6 R.I. 85 | R.I. | 1859
In this cause, evidence was admitted to pass to the jury of a certain entry in a book, being the cash-book of the Providence Gas Company. The purpose of the evidence was, to prove that the defendant paid for gas used at the Empire Saloon in the city of Providence; the question being, whether the defendant was proprietor and manager of the said saloon. The entry was made in the book by one Thomas F. Vaughn, who was alleged to be without the jurisdiction of the court. The testimony was admitted upon proof of the handwriting of said Vaughn, it being admitted that Vaughn was out of the jurisdiction of the court, and in parts unknown.
The general principle, as established by the leading English and American cases, is, that entries made in the regular and usual course of business are admissible in evidence after the death of the person who made them, on proof of his handwriting. In some of the states of this country absence from the state, as far as it affects the admissibility of secondary evidence, *89 has the same effect as the death of the witness. In Massachusetts insanity has been held equivalent to death. In New York and Alabama the strict rule is adhered to, that the person who made the entry must be dead to render the entry admissible. The principle as established by the American decisions, on which an entry is admitted as evidence, seems to be, that the acts of men performed in the usual course of business and committed to writing, being under obligation to do the act, and where there is no inducement to misstate facts, may be relied on as evidence of things done as they occur. On this principle, entries made in the regular and usual course of business are admitted as proof, although the person who made them may recollect nothing of the facts, upon his testifying to the authenticity of the entry. It would seem, therefore, if this evidence may be admitted, when the person who made the entry is present to verify the book, the entry being all that constitutes the evidence, if he be dead or absent, secondary proof that it was kept by him is admissible, on the same ground that a subscribing witness to an instrument, being absent, his handwriting may be proved, or a copy of an instrument, when the original is lost, may be offered in proof. All that is necessary to render the entry admissible as evidence, if the witness is living, is, that he shall testify that the entry was made in the regular course of business in his handwriting; and if he be absent or dead, other witnesses may be competent to testify to that.

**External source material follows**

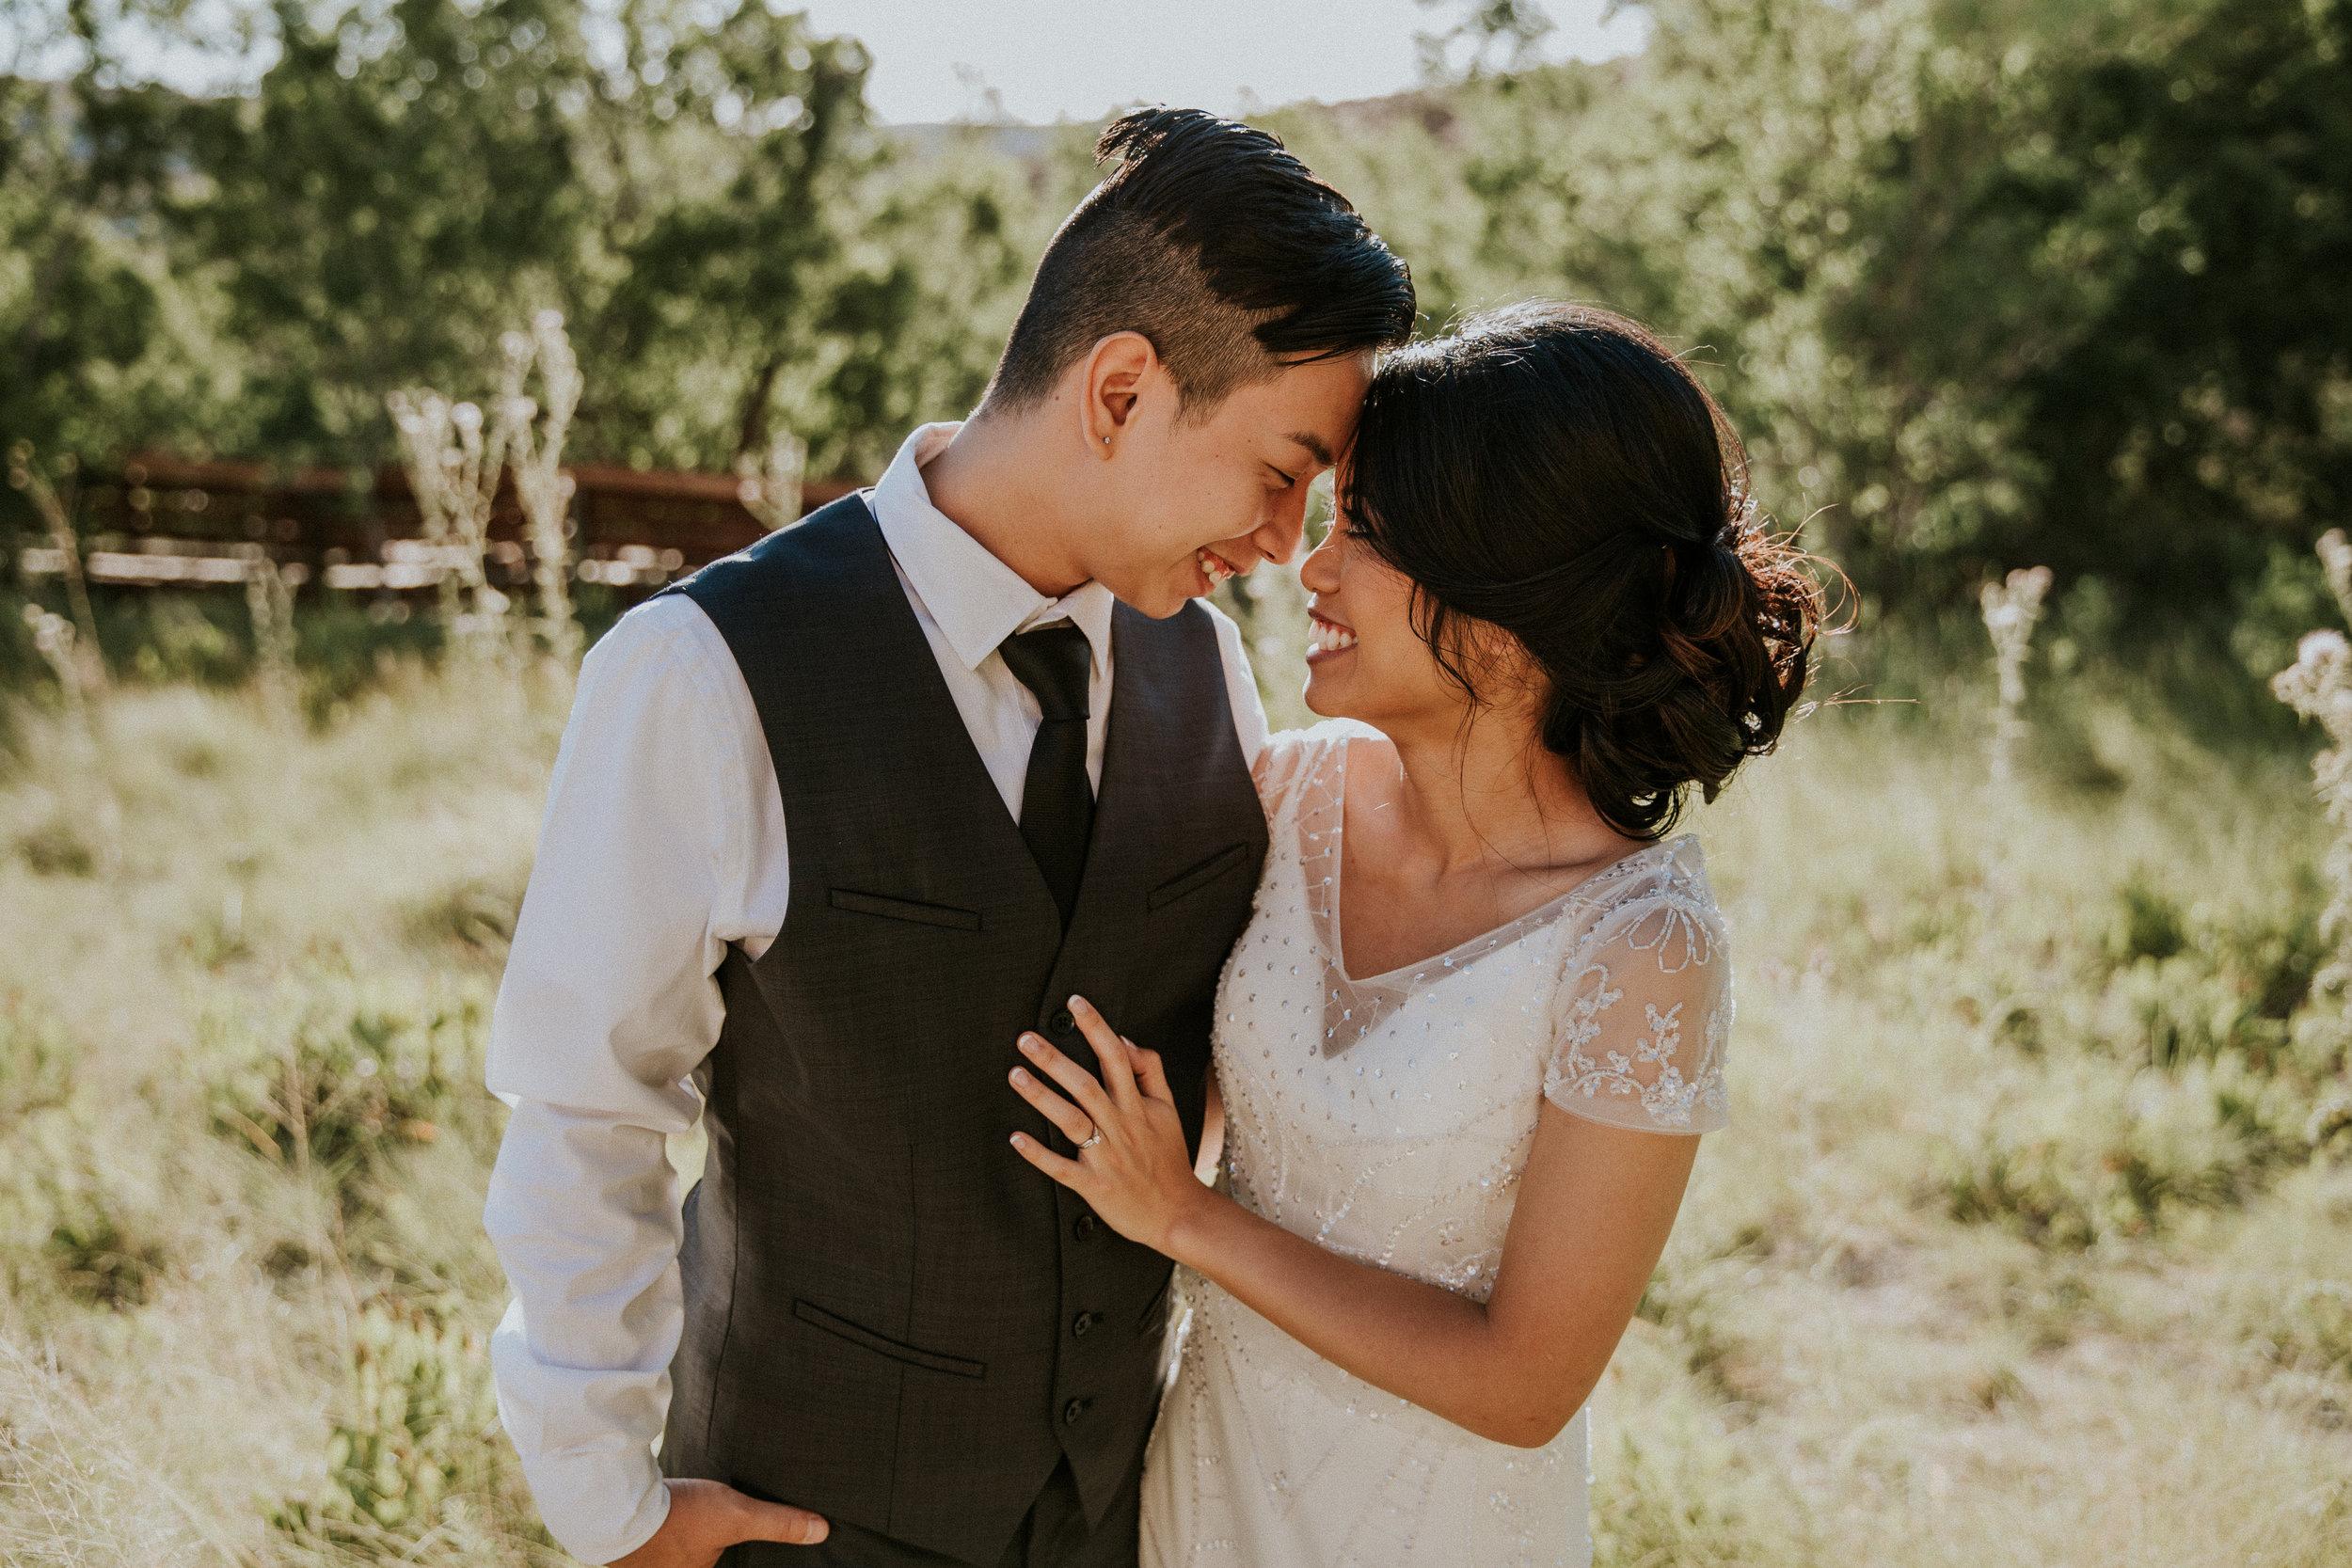 AJ + Kittichai - First Look - Wedding Day - Seattle Wedding Photographer - Washington Elopement Photographer - Seattle Engagement Photographer - Best Seattle Photographer

We think, therefore, that the testimony was properly admitted. Whether, when admitted, the entry amounted to any proof of the fact, to establish which it was introduced, is another question. If it did not, it was irrelevant testimony. It was a mere memorandum of money received to credit of cash, from the defendant. In a subsequent stage of the trial, the defendant put in evidence what the person who made the entry swore to on a former trial, which went to show that the gas bills for the Empire Saloon were not paid by the defendant, but that the money was received from another person. It is contended that the entry in the book is competent testimony in answer to *90 this testimony offered by the defendant. We are inclined to think, that the testimony was irrelevant, and, on that ground, ought not to have been admitted. But we do not see how it could affect the verdict of the jury. The judge charged the jury that it was evidence of the very lightest character, and entitled, in any respect, to very little weight, and that in connection with the testimony of Vaughn on the former trial, it was entitled to very little if any consideration, and that no inference whatever could be drawn by the jury from said entry. We think it could not have affected the verdict injuriously to the defendant, and is not a sufficient cause for awarding to him a new trial. The ruling of the judge, in effect, excluded it from the case, as affirmative testimony on the part of the state.